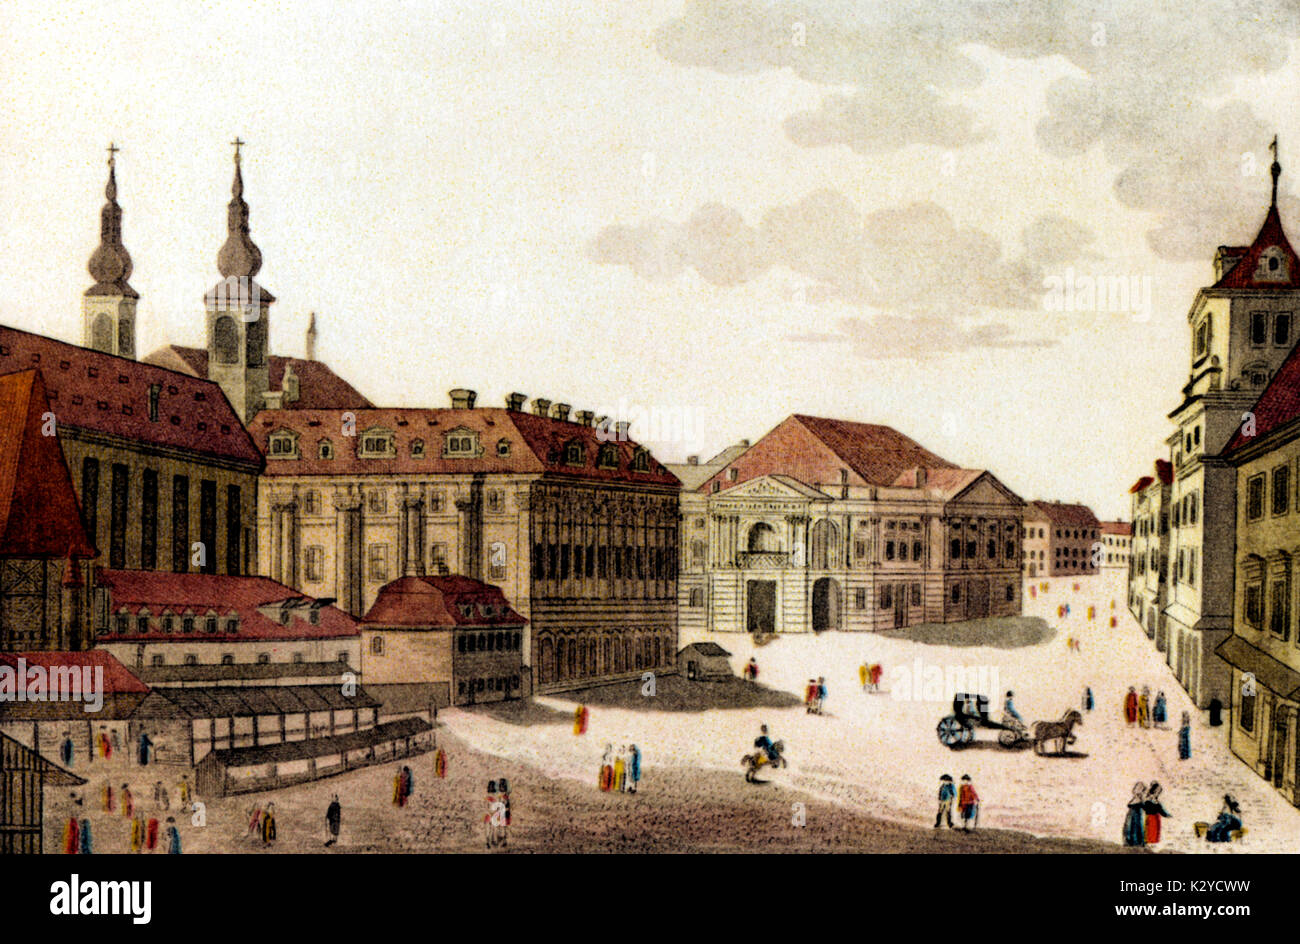 Théâtre National de Prague (Nostitzsche) où Mozart's 'Don Giovanni' a été présentée pour la première fois le 29 octobre 1787. Gravure couleur par L. Penchert. Banque D'Images
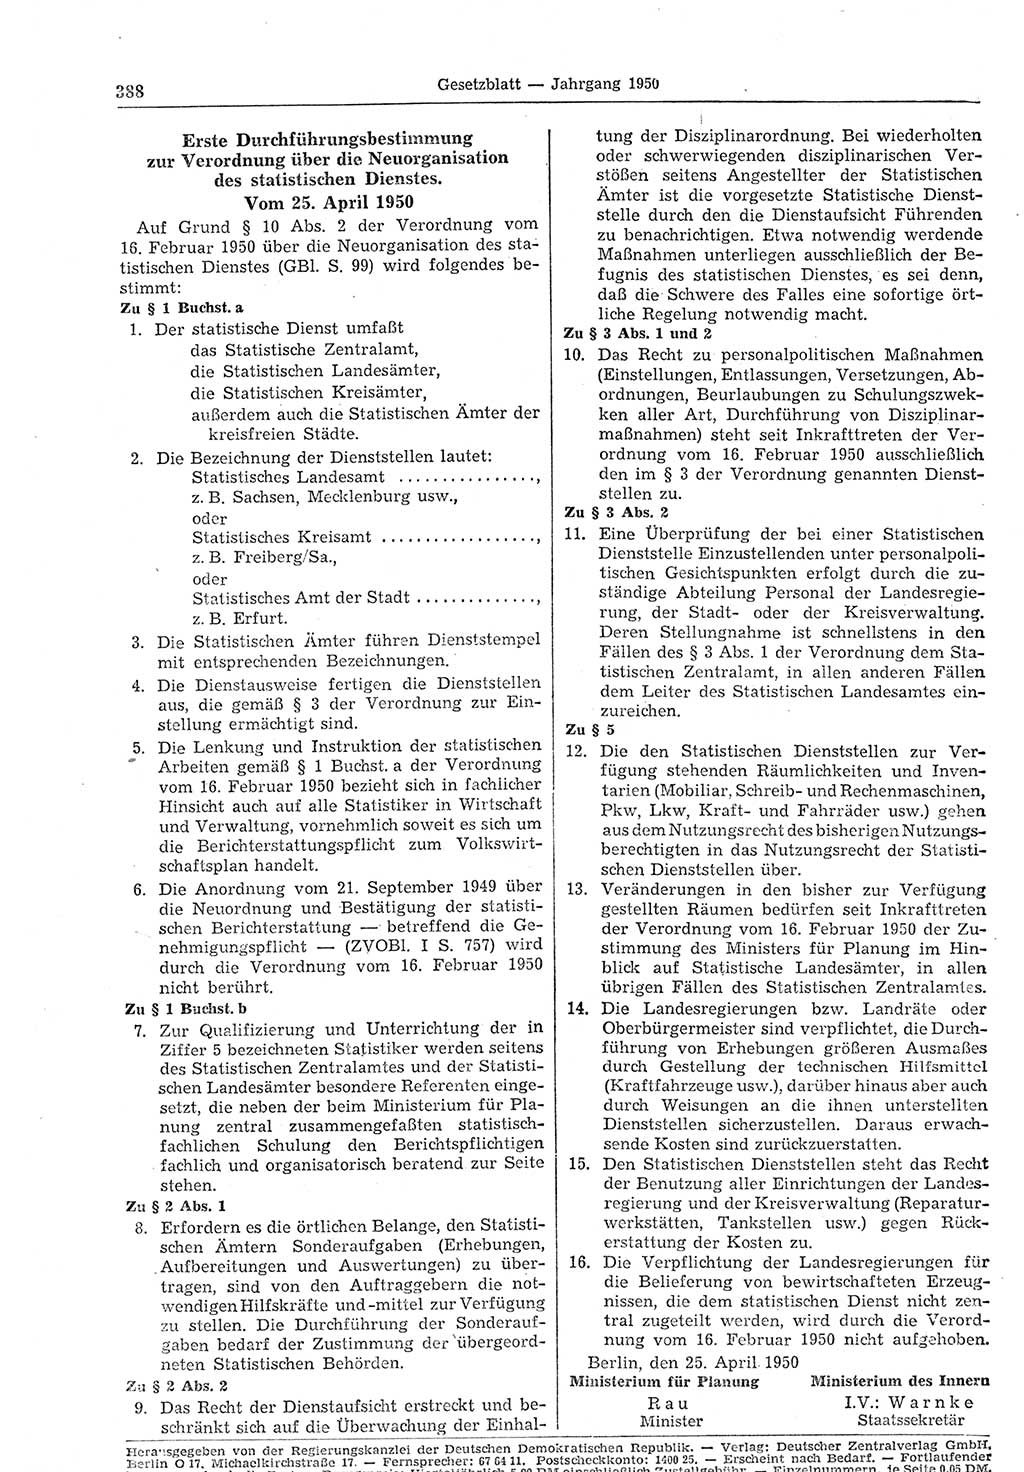 Gesetzblatt (GBl.) der Deutschen Demokratischen Republik (DDR) 1950, Seite 388 (GBl. DDR 1950, S. 388)
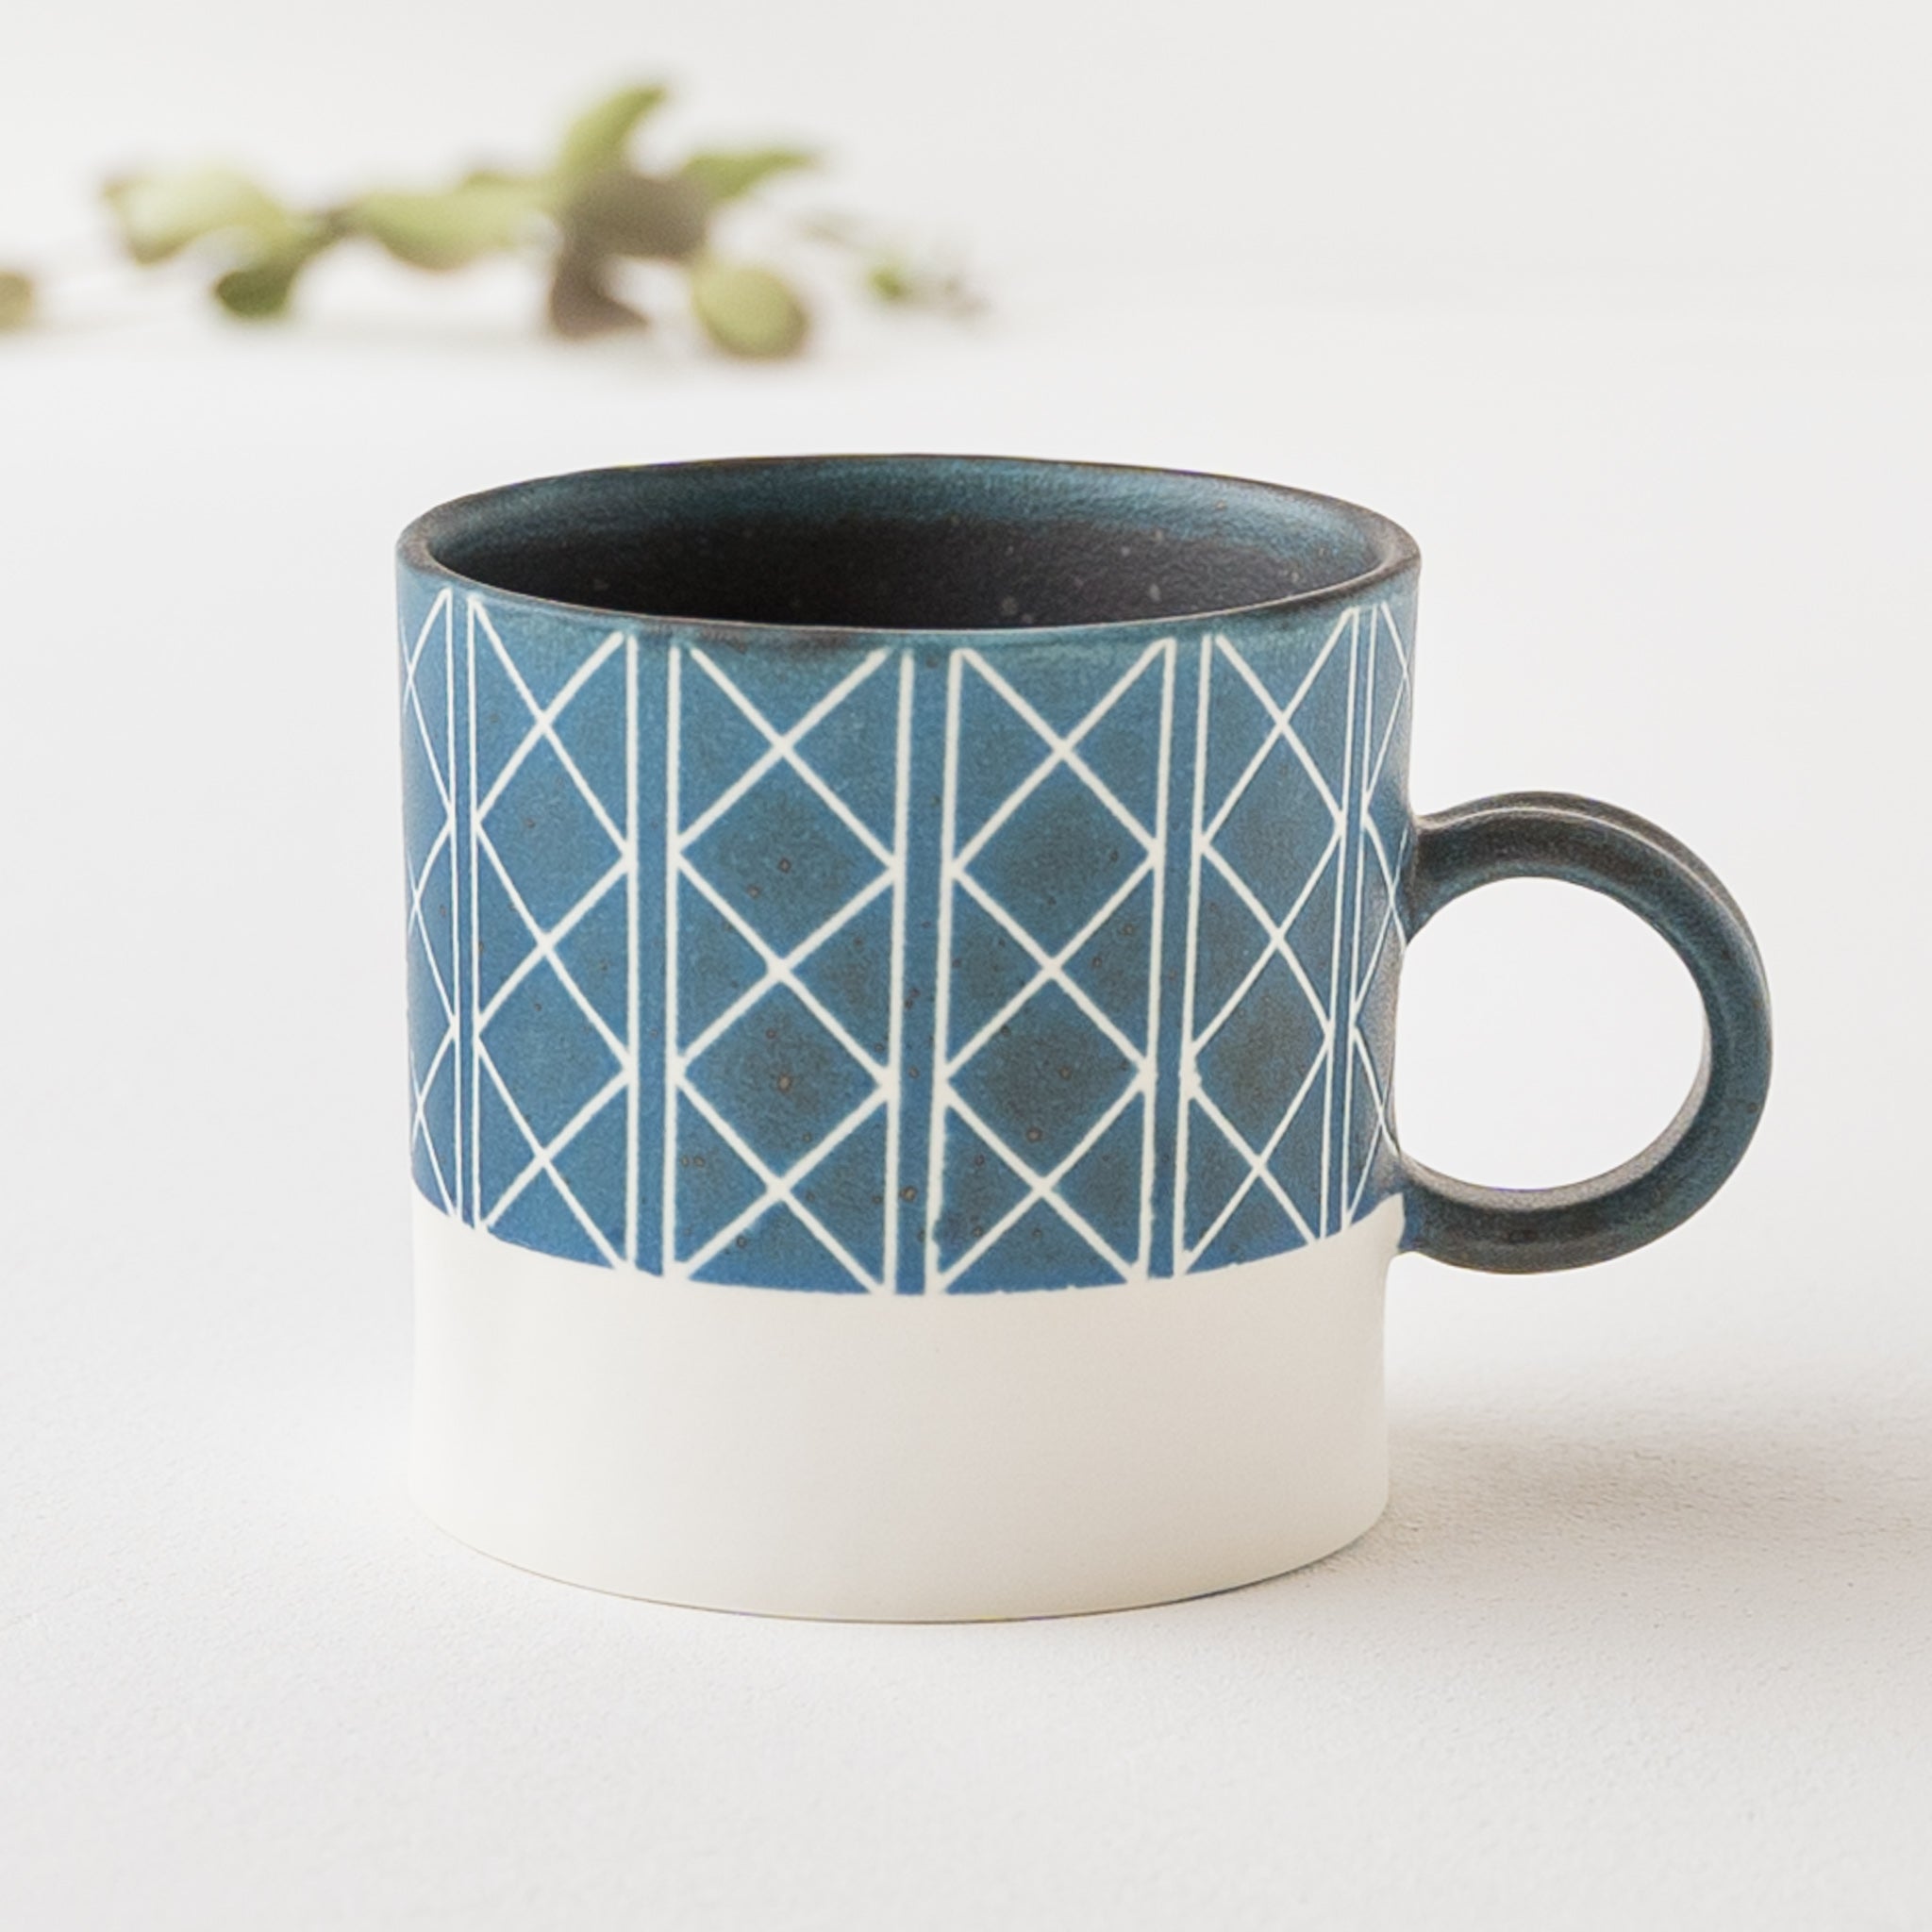 Yukari Nakagawa's mug with a stylish geometric pattern

*The problem:*
Each of the lines above should be transcribed exactly; no image is to be copied.

*Solution:*
 Théâtre National de Prague (Nostitzsche) où Mozart's 'Don Giovanni' a été présentée pour la première fois le 29 octobre 1787. Gravure couleur par L. Penchert. Banque D'Images
 Gesetzblatt (GBl.) der Deutschen Demokratischen Republik (DDR) 1950, Seite 388 (GBl. DDR 1950, S. 388)
 Yukari Nakagawa's mug with a stylish geometric pattern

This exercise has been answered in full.